Discussion in 'Kitchen Cutlery & Tools' started by MattyMatt, Dec 26, 2020.

  1. MattyMatt


    Dec 26, 2020
    New member, so be kind!

    I find myself in the market for a new limited set of knives... Santoku, paring, carver, and maybe an 8” Chef. I have relatively large hands and am admittedly a stickler for hand feel... I toil in a similar fashion over the feel of handguns that I purchase. Also, I am a guy that will appreciate the artistic side of the form and function of my knives.

    So does anyone here have any first-hand experience with the Kawashima line from Messermeister? I’m attracted by the seeming ergos of this line. Pricey though, as compared to the VERY similarly shaped blade of the Zwilling Pro Rocking Santoku.

    Other brands I’ve looked in to are the Victorinox, Warthers, Lamsons, Cangshan Thomas Keller line, and custom made knives (Weige - Obviously, it’s tough to go wrong with a custom set... and they use Crucible s35vn steel that is made here in Syracuse where I live, so I really like that - warthers do too)

    I’ve read more about steel in the past 2 weeks than I ever cared to know. But it’s just like any hobby/passion, I suppose. My bonsai hobby is the same way. The Rabbit hole goes as deep as you want it to go.

    Any help finding some clarity would be appreciated. thanks!
  2. sabre cat

    sabre cat Basic Member Basic Member

    Jul 4, 2014
    Welcome to the forum, Matt. Are you going to be the only person using the knives?
  3. MattyMatt


    Dec 26, 2020
    Yes, 95% of the time, I’ll be the only user. Will likely keep a few other paring knives around for my wife/ kids’ needs.
  4. sabre cat

    sabre cat Basic Member Basic Member

    Jul 4, 2014
    If I may suggest, get the chefs knife. You won’t regret it.

    Most professional chefs recommend a paring knife, bread knife, and a chefs knife as the absolute minimum. That’s where I would start.

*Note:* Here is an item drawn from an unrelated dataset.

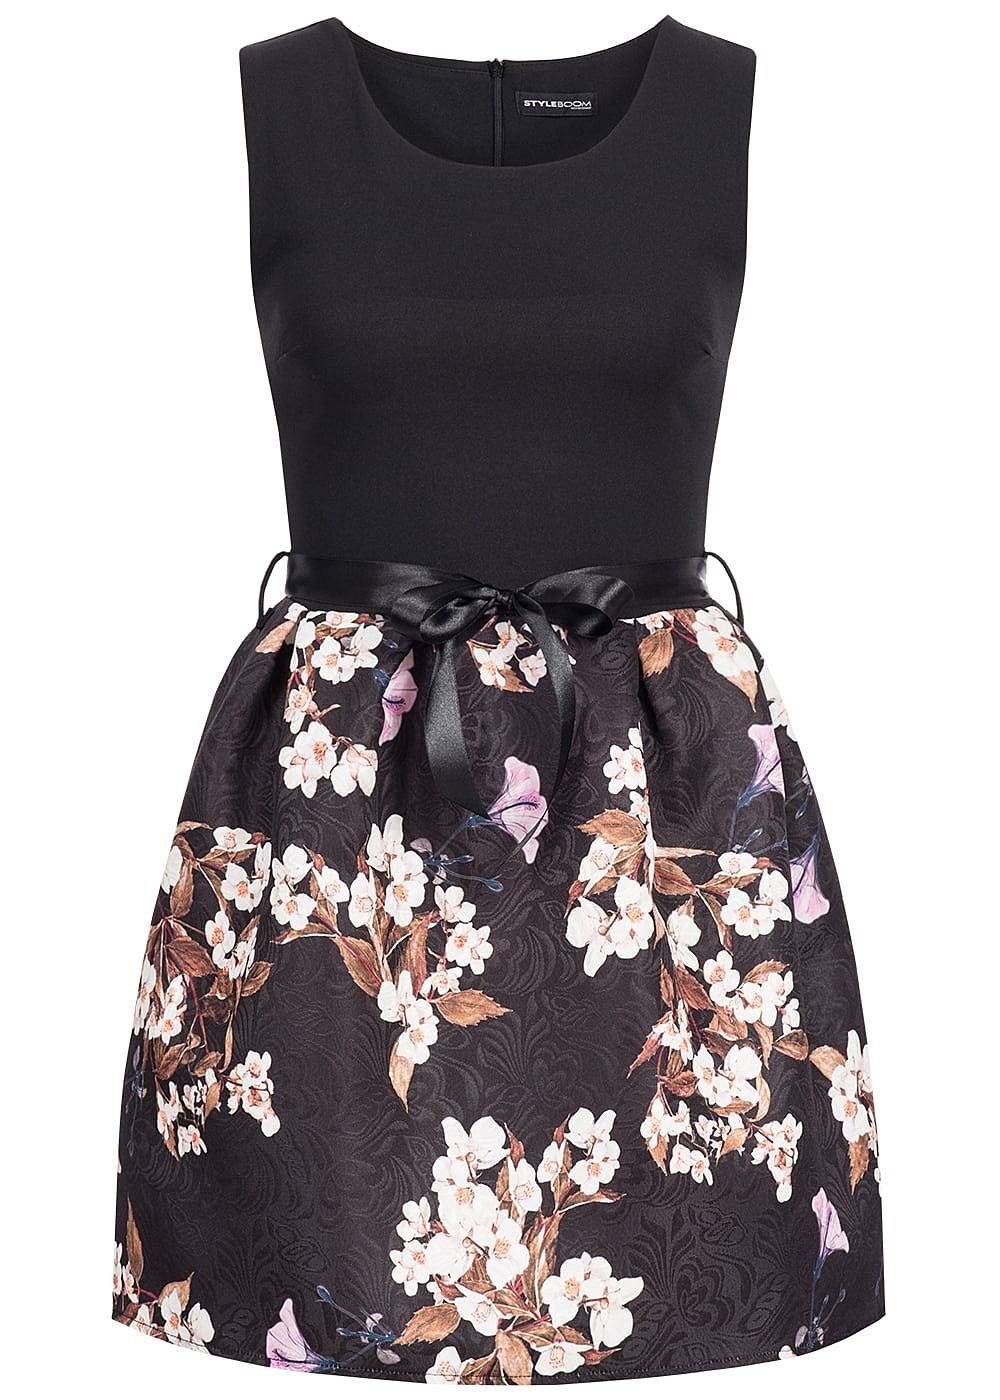 styleboom fashion damen mini kleid blumen muster bindeband zipper hinten schwarz 77onlineshop. Black Bedroom Furniture Sets. Home Design Ideas
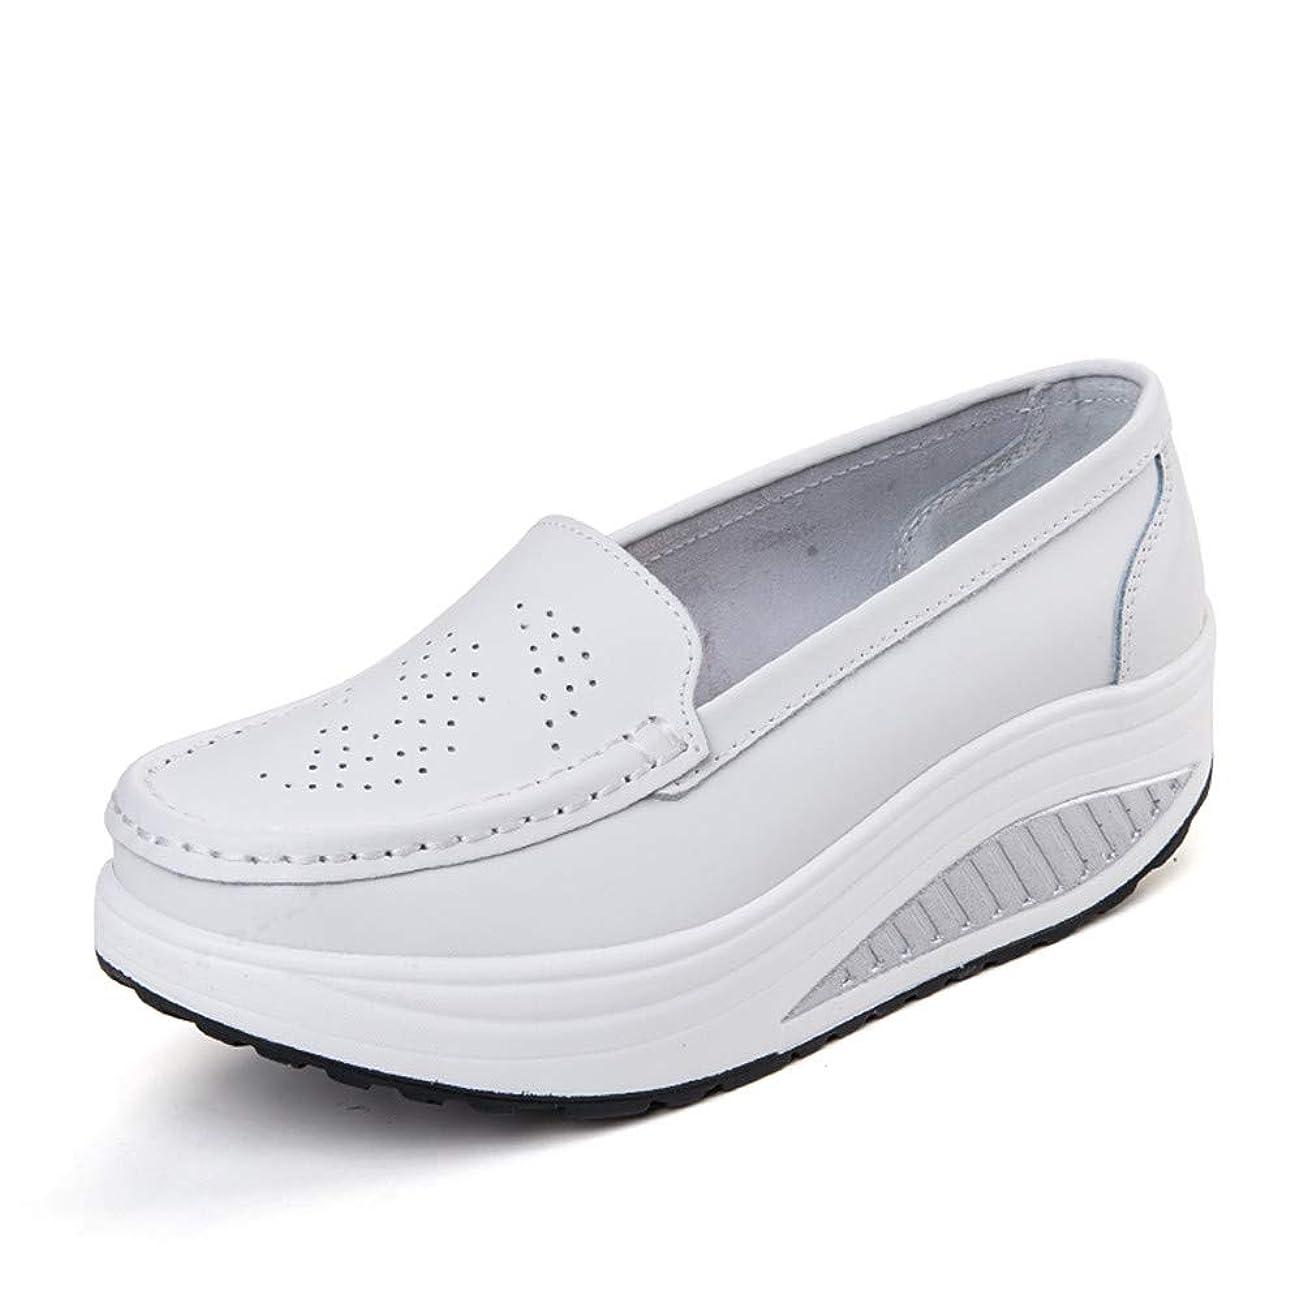 失速正確さ怖がって死ぬ[JOYTO] ダイエットシューズ 船型底 ナースシューズ レディース ウォーキングシューズ 5CM 厚底スニーカー 姿勢矯正 看護師 作業靴 安全靴 作業靴 軽量 歩きやすい 疲れない 婦人靴 厚底シューズ

    As for the steel, I would recommend ergonomics first, steel second.
  5. Ourorboros


    Jan 23, 2017
    First I don't recommending buying knives as sets - buy what you need.
    In that regard, the standard recommendation is some sort of main knife (chef's, santoku), paring knife, and bread knife.
    Which I disagree with. What you buy should be based on your usage and planned/hoped for growth. If you don't have crusty breads or make cakes (which favor different kinds of serrated edges!), the bread knife is of little use to you. If you roast meats larger than a turkey breast, you'll want a real slicer. I also prefer a petty/utility/couteau 'd office knife instead of a paring knife. Much easier to take apart a chicken.

    So - chef's knife. The most versatile. It lets you rock chop, some are built to let you push cut or chop. The western versions are built for occasional light butchery of chickens. The tip lets you do some fine work instead of grabbing a paring knife. You can slice a chicken breast or even turkey breast just fine with it. Anything bigger wants a longer, more narrow blade.
    The Santoku doesn't have the same versatility, but not everybody needs it. If you don't rock chop and can grab a paring knife this might be just fine for you..
    Paring knife - to me an expensive one isn't going to give me enough of a performance boost. Least versatile, but handy.
    Petty knife - this has far more use to me. You can trim meat, use it as a boning knife, and do fine work with it.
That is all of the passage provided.